Proxmox 4.0 and 4.1 testing HA (pulled power cable, ipmitool power off) problem

dernikov1

New Member
Sep 4, 2013
16
0
1
Croatia
Hi,
I am testing 4.1 version on 3 node cluster with FC shared storage. I have problem with HA and i experienced sam behaviour on 4.0 version too.

If network cable removed from node, VM restart on other node.(OK)
If power cables pulled from node (hardware failure simulation),
or node shut down with "ipmitool power off", VM stay in started state on shut down node, or show freeze (web interface of other nodes, to clarify)
(NOT OK).
I use now 4.1-1/2f9650d4 version.
Can you help me ? Where to look for error, can i do something to fix that.
Thanks.
 
Looks you do a clean shutdown (acpid)? A normal shutdown simply puts the HA resources into freeze state, because it assumes that the node will restart soon.
 
Looks you do a clean shutdown (acpid)? A normal shutdown simply puts the HA resources into freeze state, because it assumes that the node will restart soon.

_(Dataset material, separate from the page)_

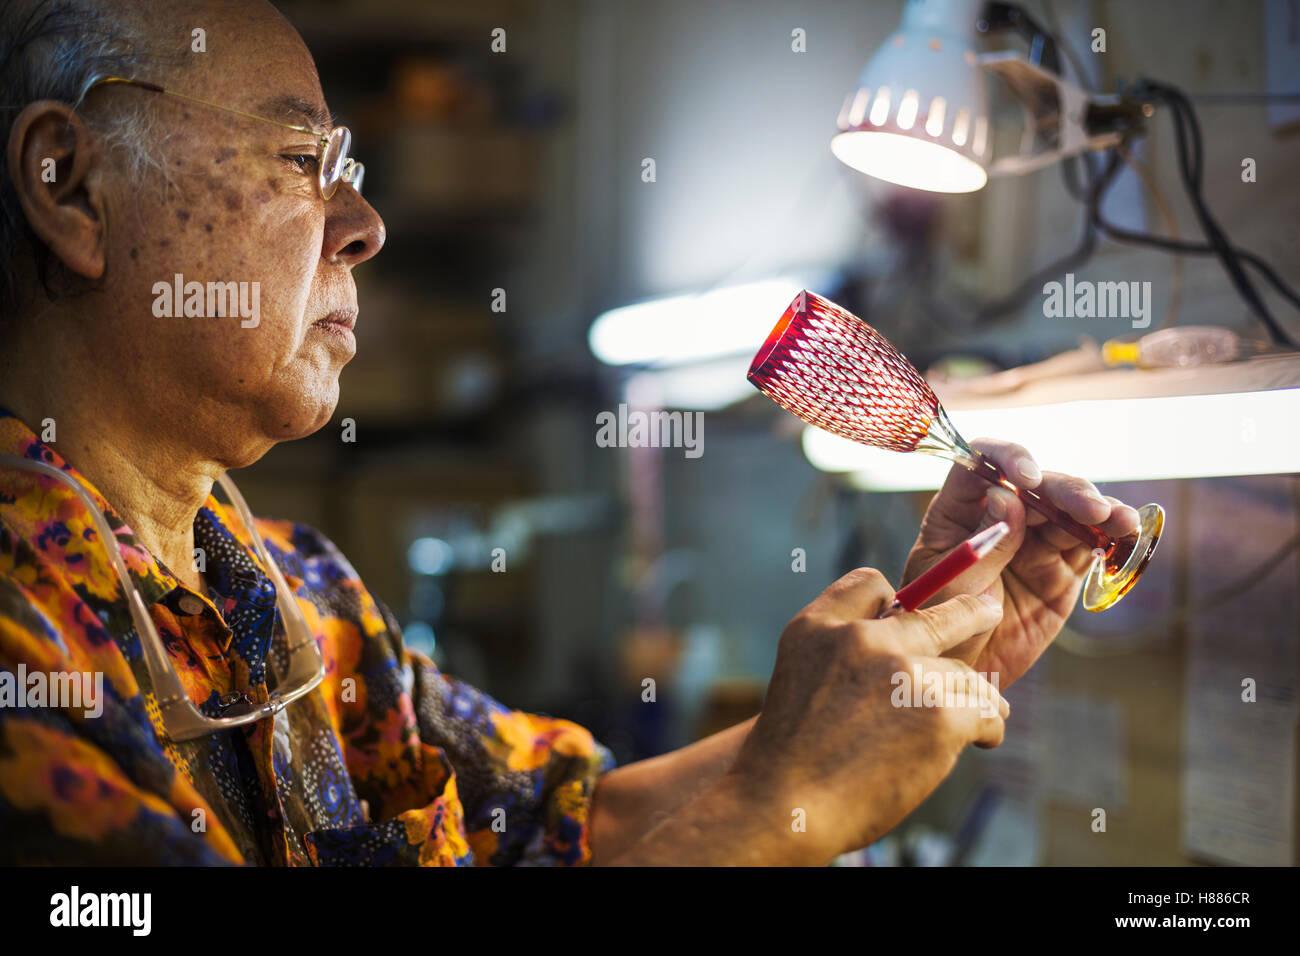 A senior craftsman at work in a glass maker's studio workshop. - Stock Image

Literally for test i pulled power cables. I wouldn't call that "clean shutdown".
Ipmitool do the same, cut power off for server.
In 3.x versions with this test vm restarted on other nodes.
Only difference is that pulled network cable could not send anything, and in that case vm restarted on another nodes.
Maybe pulling power cables and ipmitool command is not fast enough and few network packet pass trough to other working nodes and that is cause of freeze or false status.
I will try to capture those packet.
In any case if server stay out of power it should restart HA vm on other nodes. That is HA key feature.
 
Literally for test i pulled power cables. I wouldn't call that "clean shutdown".[...]
Maybe pulling power cables and ipmitool command is not fast enough and few network packet pass trough to other working nodes and that is cause of freeze or false status.
I will try to capture those packet.
In any case if server stay out of power it should restart HA vm on other nodes. That is HA key feature.

Afaik and i'm not sure it relates here, but doesn't the Proxmox-HA using software watchdog take 300 seconds to do proper fencing/HA-Failover in some cases ???
 
Only difference is that pulled network cable could not send anything, and in that case vm restarted on another nodes.
Maybe pulling power cables and ipmitool command

So if you pull power cables it works a expected.
 
Afaik and i'm not sure it relates here, but doesn't the Proxmox-HA using software watchdog take 300 seconds to do proper fencing/HA-Failover in some cases ???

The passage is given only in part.